### WORK REQUIRED
Repeat the lines from the line with "This beautiful, Cat's" to the line with "CGL Certified 5.969" in the listing below, keeping both end lines and adding nothing.

### LISTED ENTRIES
————

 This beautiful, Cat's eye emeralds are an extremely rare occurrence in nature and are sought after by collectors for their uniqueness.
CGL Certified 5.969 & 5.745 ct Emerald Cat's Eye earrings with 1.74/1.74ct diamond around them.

————

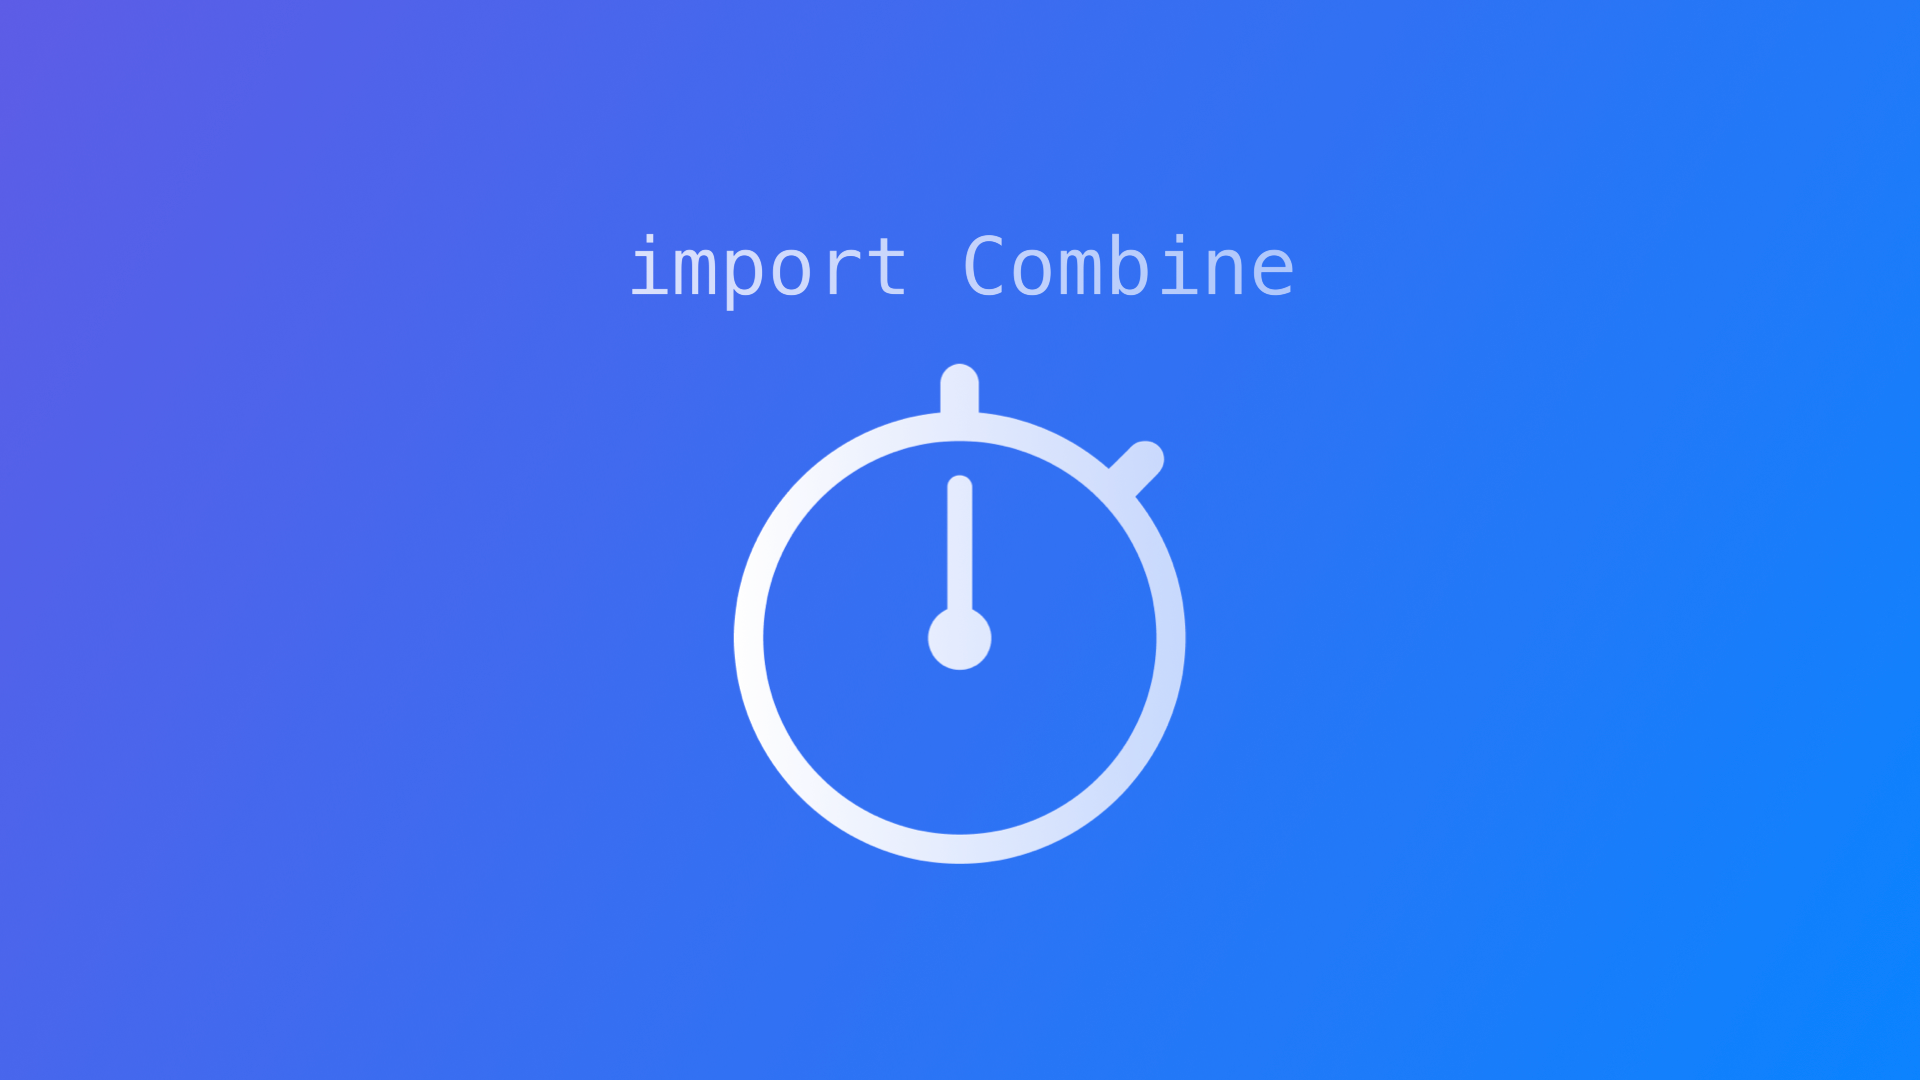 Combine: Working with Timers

————

### FINISHED TASK
 This beautiful, Cat's eye emeralds are an extremely rare occurrence in nature and are sought after by collectors for their uniqueness.
CGL Certified 5.969 & 5.745 ct Emerald Cat's Eye earrings with 1.74/1.74ct diamond around them.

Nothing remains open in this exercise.